Redefining possibilities: It is time to embrace AI, says EVS
By Olivier Barnich, EVS head of innovation and architecture.
Artificial intelligence (AI) is emerging as one of the most transformative forces in our industry, enhancing the creativity and quality of the content that is being produced. Over the past decade, EVS has played a leading role in this evolution, particularly in recent initiatives aimed at enhancing replays through the use of generative AI.
The primary goal is to free production teams from the limitations of the set video cameras used to capture events. For instance, using real time AI processing for ‘hallucinating’ frames between existing ones (frame interpolation), can turn any camera into a high frame rate device, enabling smooth replays from any angle on a production. AI’s capabilities extend to eliminating motion blur for crisper slow-motion replays, or simulating the bokeh effect, typically achieved with specialised lenses, fostering a deeper connection between the viewer and the subject. Additionally, intelligent digital zoom powered by AI not only assists replay operators in tracking and detection but also delivers images of the highest quality.
Beyond live operations, AI also contributes in many ways to near-live and post production. Firstly, all the above-mentioned filters based on generative AI can be applied in post-production to refine content. Secondly, we’re seeing a surge in AI-backed features within popular post-production tools, relieving editors of tedious tasks and allowing them to focus on more creative and artistic activities.
Automatic speech transcription in non-linear editors is a standout example. Editors can easily edit an interview by manipulating the transcript. This, in turn, allows AI to automatically generate a rough cut of the interview video, saving substantial time for editors. Speech-to-text technologies have witnessed increased utilisation in 2023, with applications such as automated subtitling and automatic transcription in multiple languages streamlining once time-consuming tasks. Additionally, image generation from text prompts has become a prominent feature in various tools. In near-live workflows, AI plays a pivotal role in generating metadata for content databases, enhancing the organisation of vast amounts of content and enabling the swift retrieval of relevant material.
A glimpse into the future
Looking ahead to 2024 and beyond, AI promises more exciting use cases. The capability of image generation from text prompts is expected to evolve into the generation of video and 3D assets, providing content creators with more creative freedom.
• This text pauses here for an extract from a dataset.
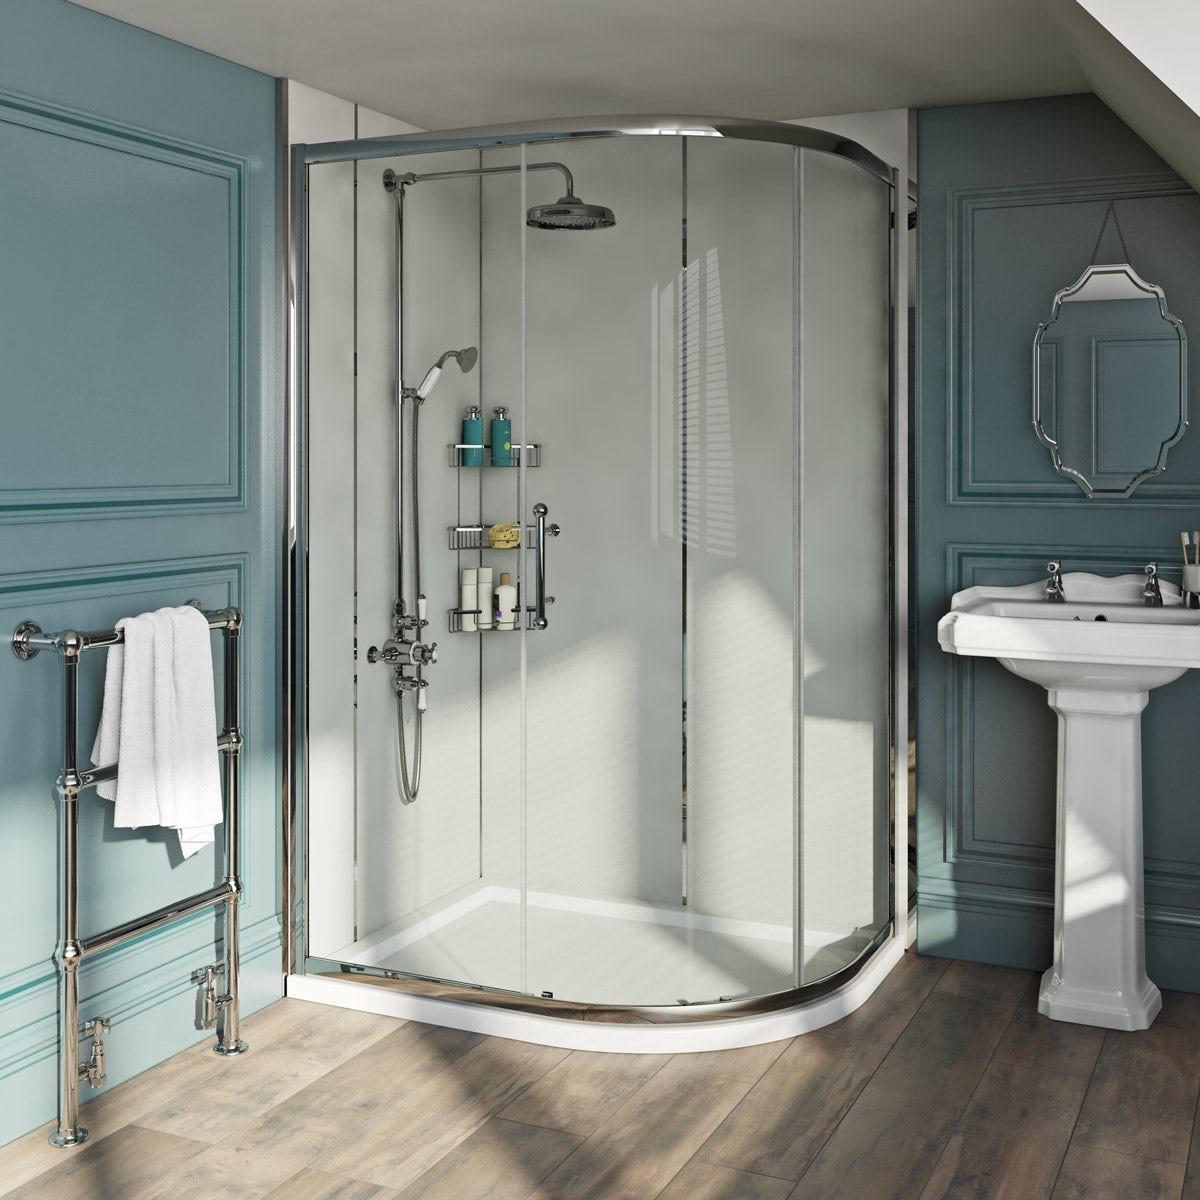 Pomme de douche à main - le meilleur choix pour votre salle de bains.

Significant enhancements are also on the horizon for the indexing and searching of content within expansive databases. Finding the needle in the stack will become possible.
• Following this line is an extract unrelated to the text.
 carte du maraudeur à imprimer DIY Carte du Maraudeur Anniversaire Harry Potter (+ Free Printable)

Moving beyond mere metadata creation and indexation, AI’s evolving ability to understand audio and video content will empower operators to search for spoken words, find visually similar shots and even search for specific types of shots, such as a ‘close-up on a face’ or a ‘wide-angle view of a crowd’. Even more sophisticated search abilities will be available, including facial recognition based on a single example and the ability to pose natural language queries for specific video content. Imagine the potential to issue a search query in natural language like ‘find me shots of exploding cars, with a camera travelling to the left’.
On live sport events, augmented reality graphics will no longer be limited to post-game analysis, as AI will enable real-time generation without any operator intervention. Another exciting prospect lies in the future possibilities brought by Neural Radiance Fields (NeRFs) for live sports. This 3D reconstruction and rendering technique allows photorealistic rendering of scenes. While current techniques are mostly limited to static scenes, ongoing research focuses on enabling 3D reconstruction and rendering of moving scenes. This opens up endless creative options, such as being able to replay an action from the point of view of a player, and more generally placing a virtual camera wherever the director wants it to be.
Moreover, the ability to broadcast live events as a 3D virtual world opens the door to immersive augmented and virtual reality broadcasts. This is particularly impactful in catering to the preferences of younger audiences who crave more interactive and immersive content experiences.
Driving collective progress
Amid the rapid pace of technological advancements, the role of broadcast operators becomes pivotal. With AI technologies permeating various aspects of live broadcasting, from real-time analysis to automated content creation, operators must continuously adapt their skill sets to effectively harness these innovations. This ensures that broadcast operators are adept at understanding, managing and optimising the diverse array of AI tools at their disposal.
Equally crucial is an awareness of the legal implications associated with the data used to train AI tools and the intellectual property rights linked to AI-generated content. This legal literacy safeguards against potential pitfalls and ensures ethical and compliant use of AI technologies.
Finally, to steer the trajectory of AI development in alignment with industry goals, the broadcast sector should actively cultivate a strong relationship with academia. A strategic approach to achieving this involves engaging and motivating researchers through the publication of datasets.
This proactive collaboration will encourage researchers to address challenges and solve problems directly relevant to the broadcast industry, ensuring that advancements in AI applications align with the specific needs and requirements of our sector. Such a collaborative synergy is not just beneficial but imperative if we aim to unlock the full potential ushered in by this new era of AI.